The aftermath of TBI is associated with an acute stress response and the accumulation of insoluble protein aggregates. Even after the symptoms of TBI are resolved, insidious molecular processes continue to develop, which often ultimately result in the development of age-associated neurodegenerative disorders. The precise molecular cascades that drive unhealthy brain aging are still largely unknown.
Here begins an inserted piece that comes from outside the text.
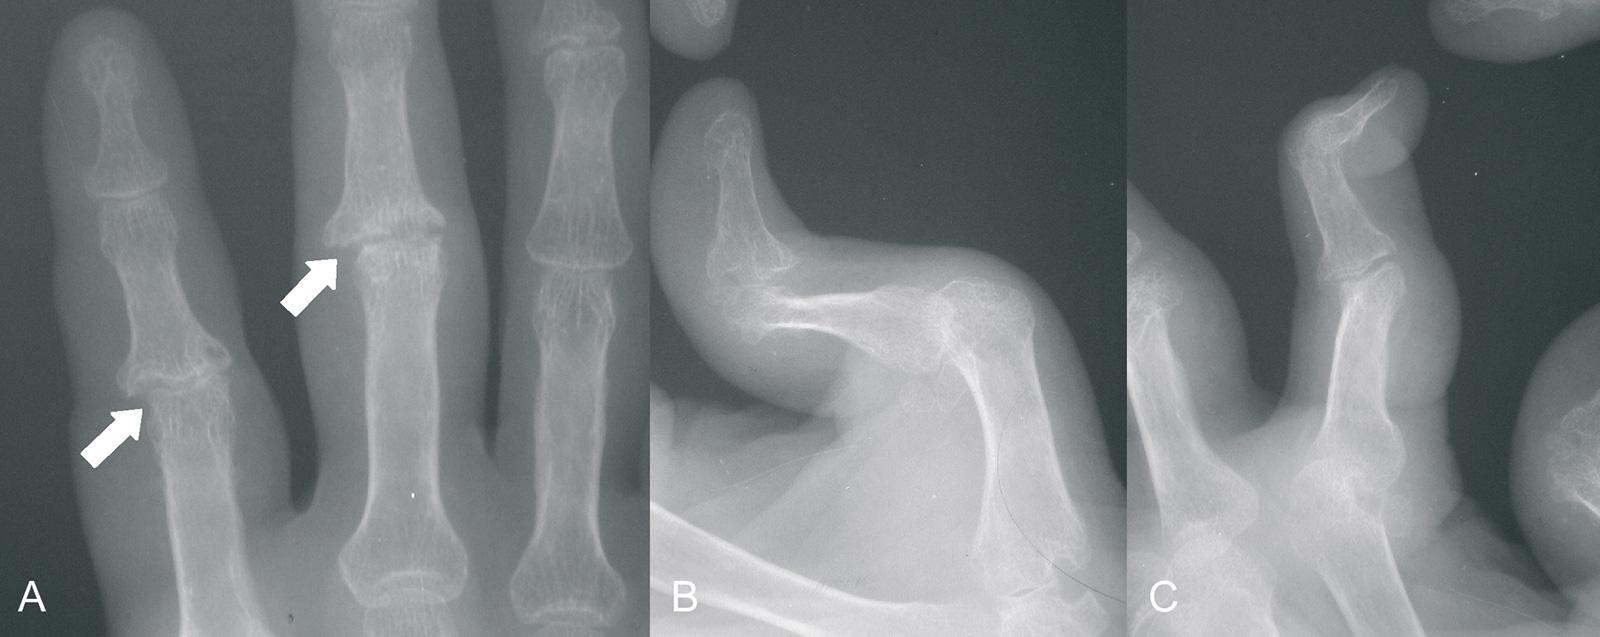 Abb. 1-71: Gelenknahe Arrosionen der Fingergelenke (A), 90-90-Deformität (B), Schwanenhalsdeformität (C)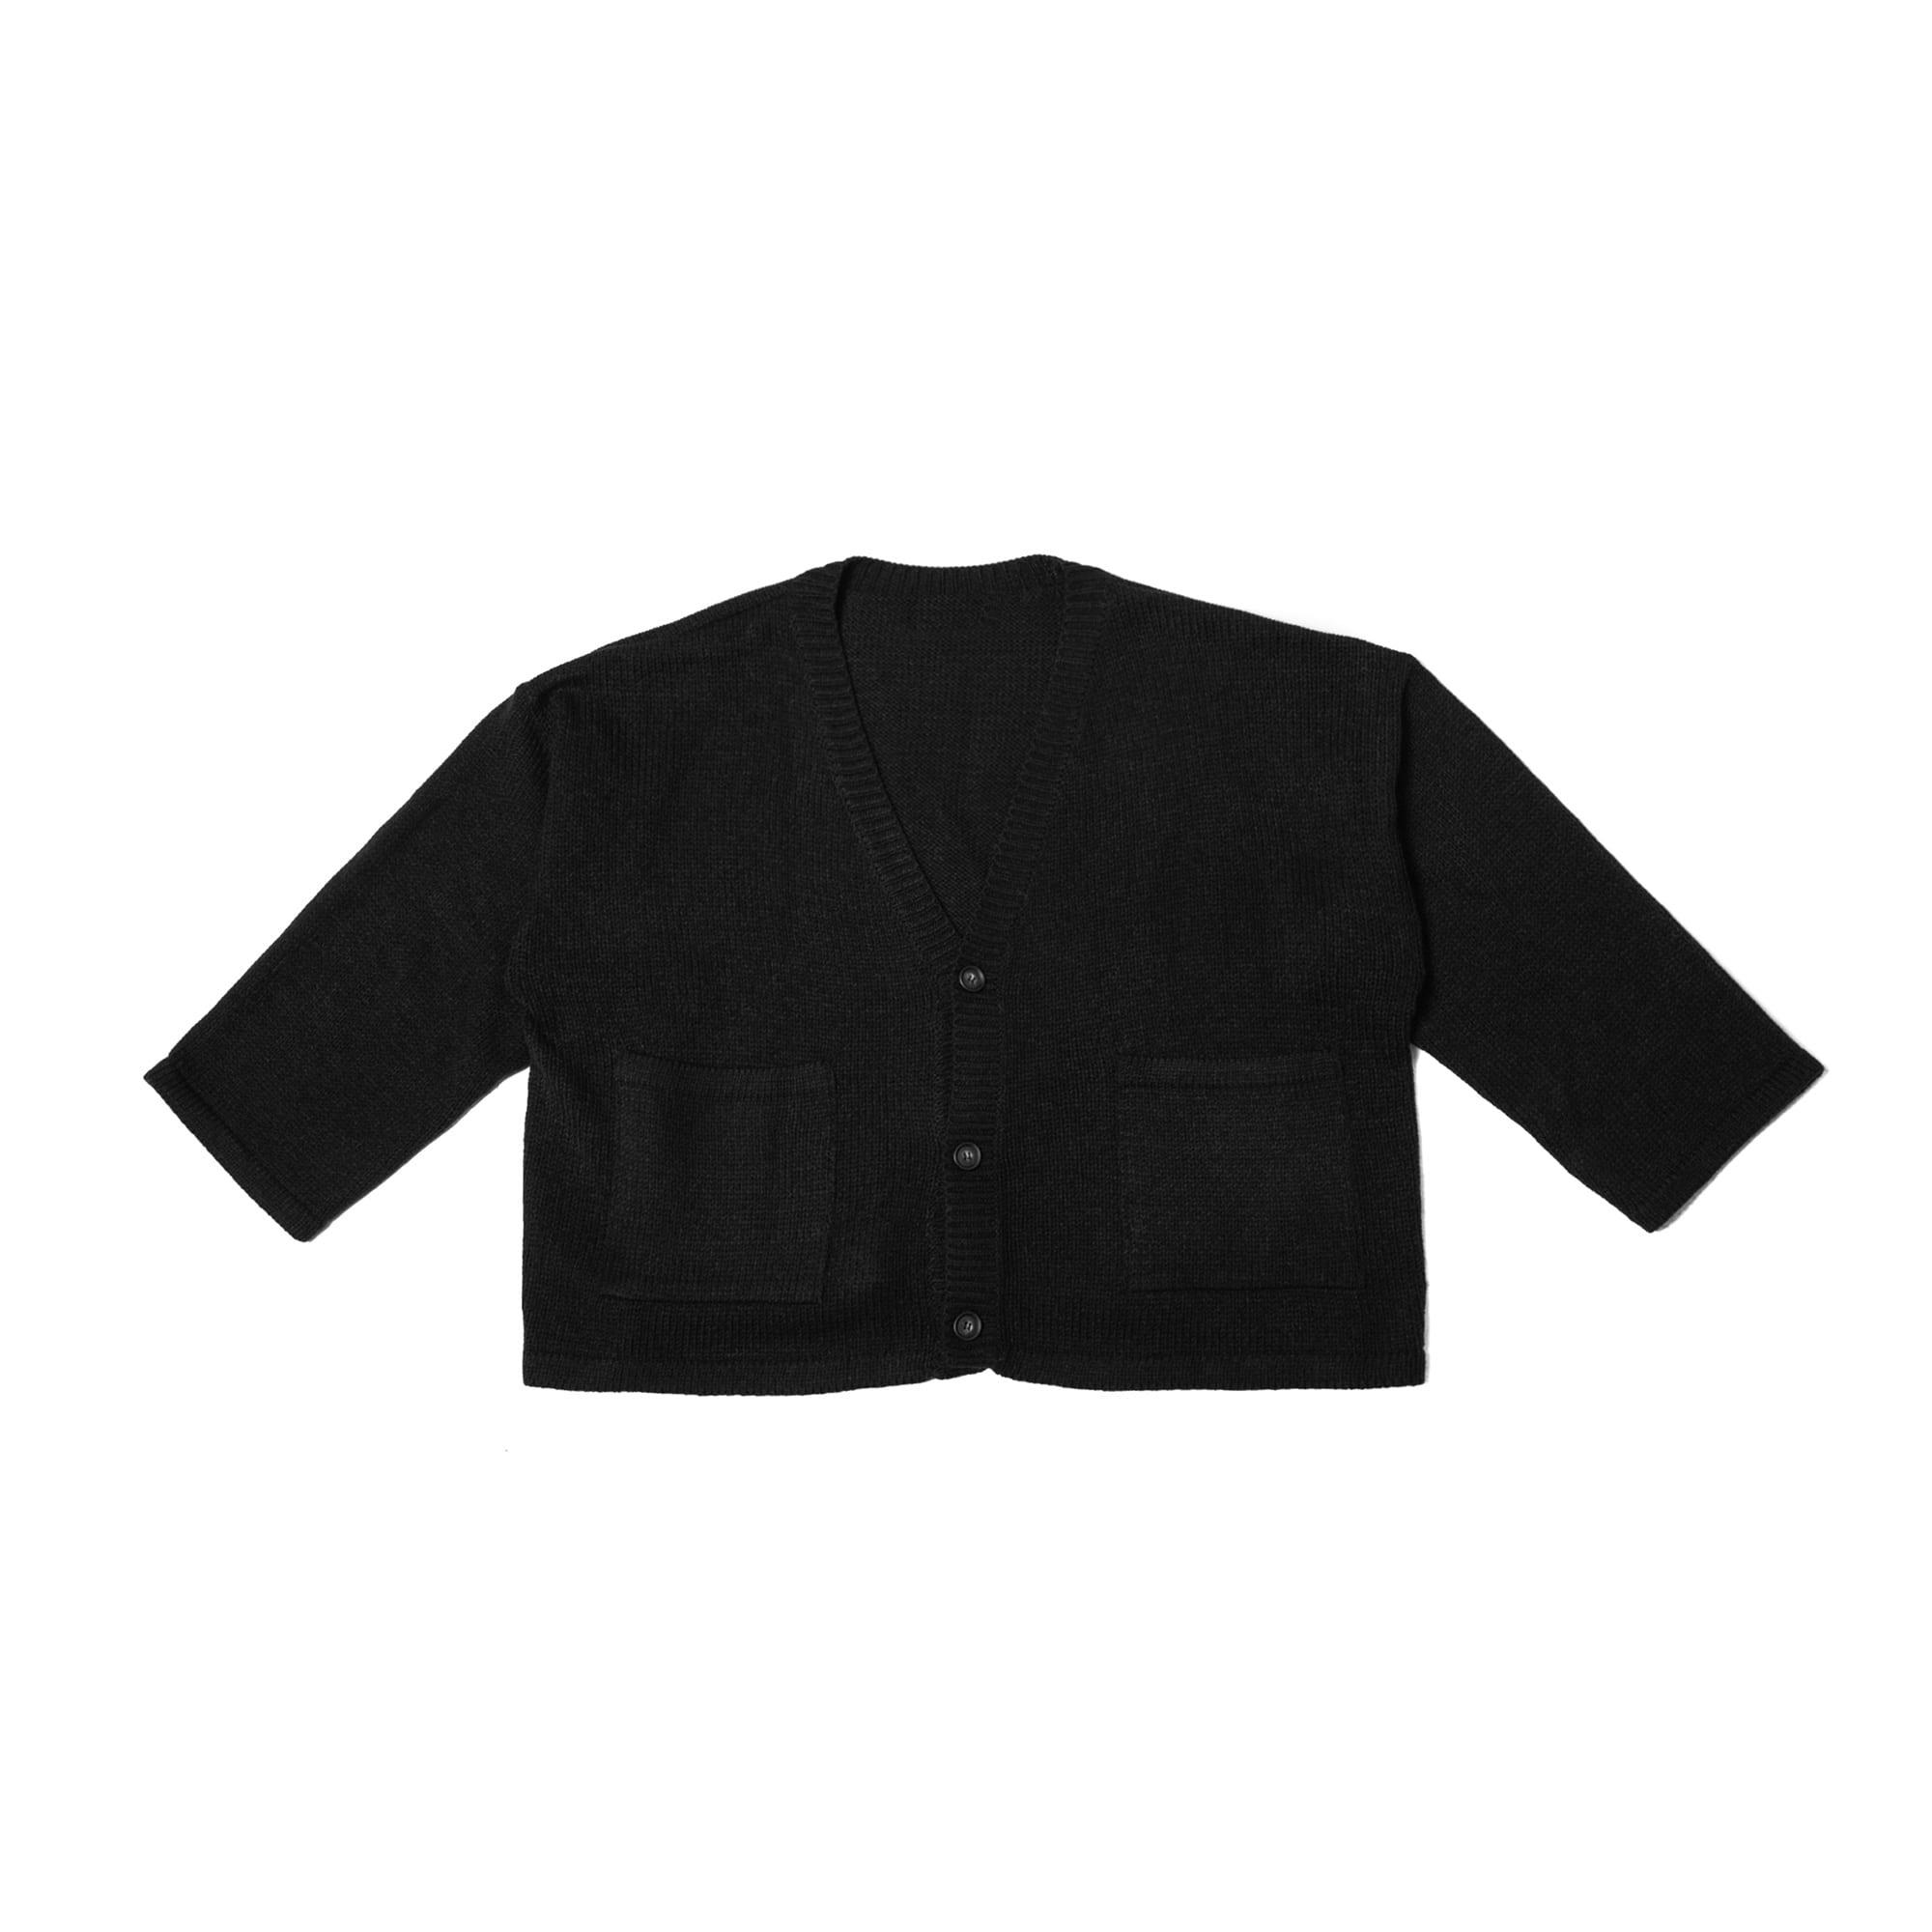 V-Neck Wide Knit Cardigan - Black

In this review, we discuss proteostatic dysfunction as a converging mechanism contributing to accelerated brain aging after TBI. We examine evidence from human tissue and in vivo animal models, spanning both the aging and injury contexts. We conclude that TBI has a sustained debilitating effect on the proteostatic machinery, which may contribute to the accelerated pathological and cognitive hallmarks of aging that are observed following injury.

TBI 的后果与急性应激反应和不溶性蛋白质聚集体的积累有关。即使在 TBI 的症状得到解决后，隐匿的分子过程仍在继续发展，这通常最终导致与年龄相关的神经退行性疾病的发展。导致不健康的大脑老化的精确分子级联在很大程度上仍然未知。在这篇综述中，我们讨论了蛋白质抑制功能障碍作为导致 TBI 后加速大脑衰老的一种收敛机制。我们检查来自人体组织和体内的证据动物模型，涵盖衰老和损伤背景。我们得出结论，TBI 对蛋白质稳定机制具有持续的衰弱作用，这可能导致损伤后观察到的衰老的加速病理和认知特征。